# Theoretical

1. What is K-Nearest Neighbors (KNN) and how does it work.
- KNN is a supervised learning algorithm used for both classification and regression. It predicts the class of a data point based on the 'K' closest points in the training set, using a distance metric like Euclidean.

2. What is the difference between KNN Classification and KNN Regression
- KNN Classification: Assigns the most common class among K neighbors.

- KNN Regression: Predicts the average (or weighted average) value of K neighbors.

3. What is the role of the distance metric in KNN.
- The distance metric (e.g., Euclidean, Manhattan) determines how “closeness” is measured, directly affecting neighbor selection and prediction accuracy.

4. What is the Curse of Dimensionality in KNN.
- As dimensions increase, data becomes sparse and distance measures become less meaningful, reducing KNN performance.

5. How can we choose the best value of K in KNN.
- Use techniques like cross-validation to test various K values and pick the one that minimizes error on validation data.

6. What are KD Tree and Ball Tree in KNN.
- These are data structures used to speed up nearest neighbor searches:

- KD Tree: Efficient for low-dimensional data.

- Ball Tree: Better for high-dimensional or irregular data.

7. When should you use KD Tree vs. Ball Tree.
- Use KD Tree for dimensions < 20.

- Use Ball Tree for dimensions > 20 or non-uniform data.

8.  What are the disadvantages of KNN.
- Slow at prediction time

- Sensitive to outliers and irrelevant features

- Requires feature scaling

- Poor with high-dimensional data

9. How does feature scaling affect KNN.
- Since KNN is distance-based, unscaled features can dominate distance computation. Standardization or normalization is essential.

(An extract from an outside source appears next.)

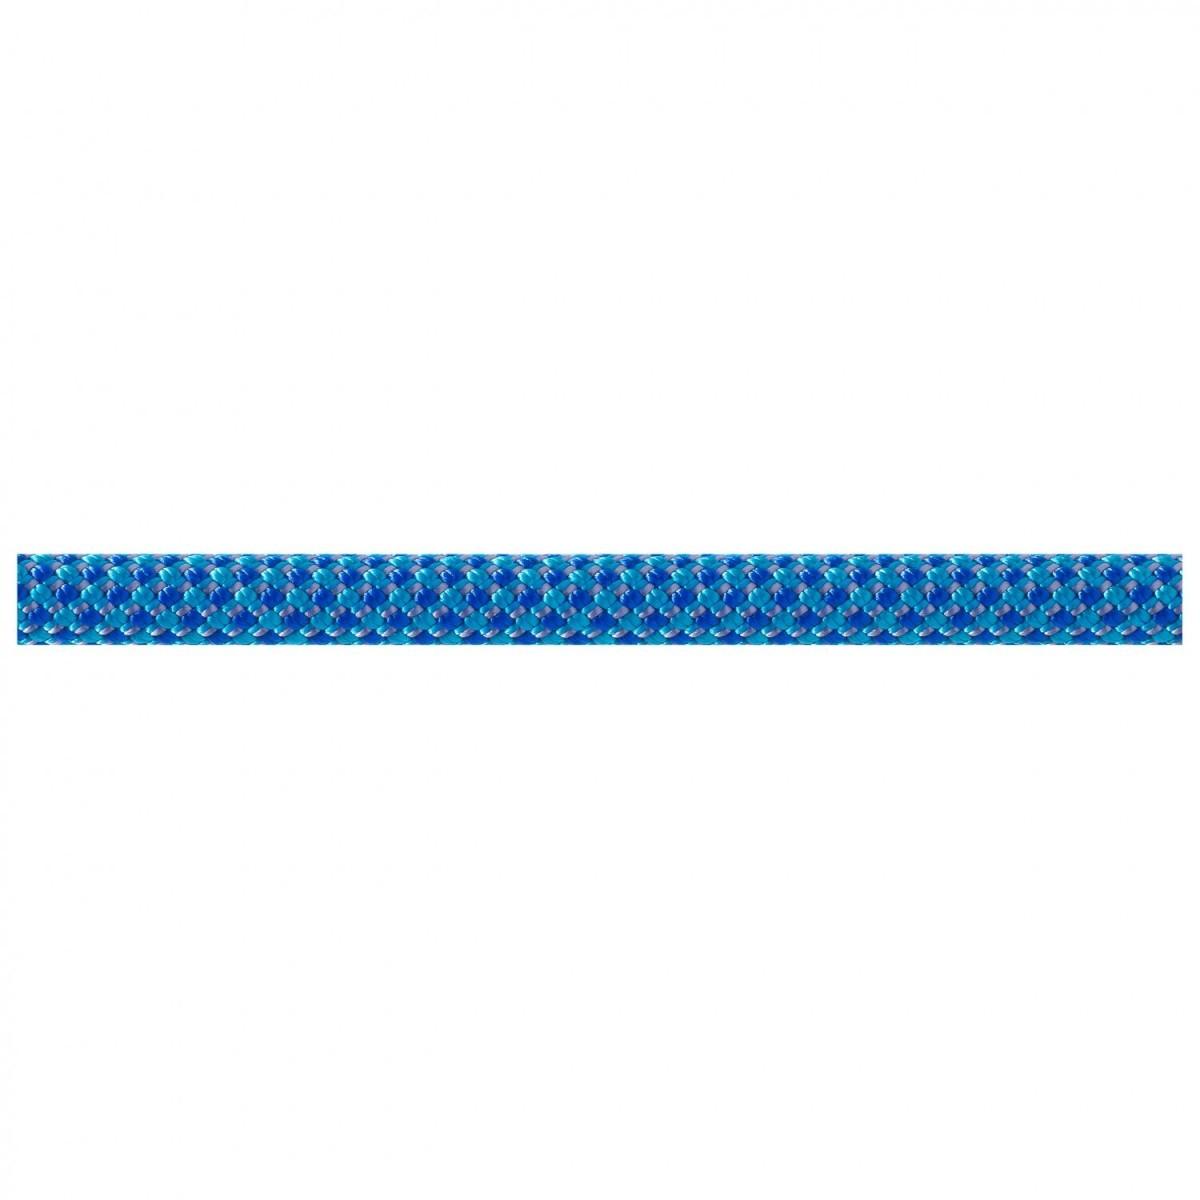 BEAL べアール Joker 9.1 mm (70m - Blue)★ロープ・ザイル・登山・クライミング★

10. What is PCA (Principal Component Analysis).
- PCA is an unsupervised dimensionality reduction technique that transforms data into new variables (principal components) that retain maximum variance.

11. How does PCA work.
- Standardize data

- Compute covariance matrix

- Find eigenvalues and eigenvectors

- Project data onto top components

12. What is the geometric intuition behind PCA.
- PCA finds new axes (principal components) that capture maximum data variance by rotating the coordinate system.

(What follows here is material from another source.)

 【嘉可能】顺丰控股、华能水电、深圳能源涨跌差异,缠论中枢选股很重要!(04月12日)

13. What is the difference between Feature Selection and Feature Extraction.
- Feature Selection: Selects a subset of original features

- Feature Extraction (PCA): Creates new features from original ones

14. What are Eigenvalues and Eigenvectors in PCA.
- Eigenvalues: Indicate variance explained by components

- Eigenvectors: Directions of new axes (principal components)

15. How do you decide the number of components to keep in PCA.
- Use explained variance ratio or scree plot; typically keep components that explain ≥ 95% variance.

16. Can PCA be used for classification.
- Indirectly, yes. PCA reduces dimensionality before using classification models like KNN or SVM.

17. What are the limitations of PCA.
- Assumes linear relationships

- Sensitive to scaling

- Components may lack interpretability

18. How do KNN and PCA complement each other.
- PCA reduces dimensions and noise, which can improve KNN accuracy and speed.

19. How does KNN handle missing values in a dataset.
- KNN can use KNN imputation to fill missing values by averaging values of nearest neighbors.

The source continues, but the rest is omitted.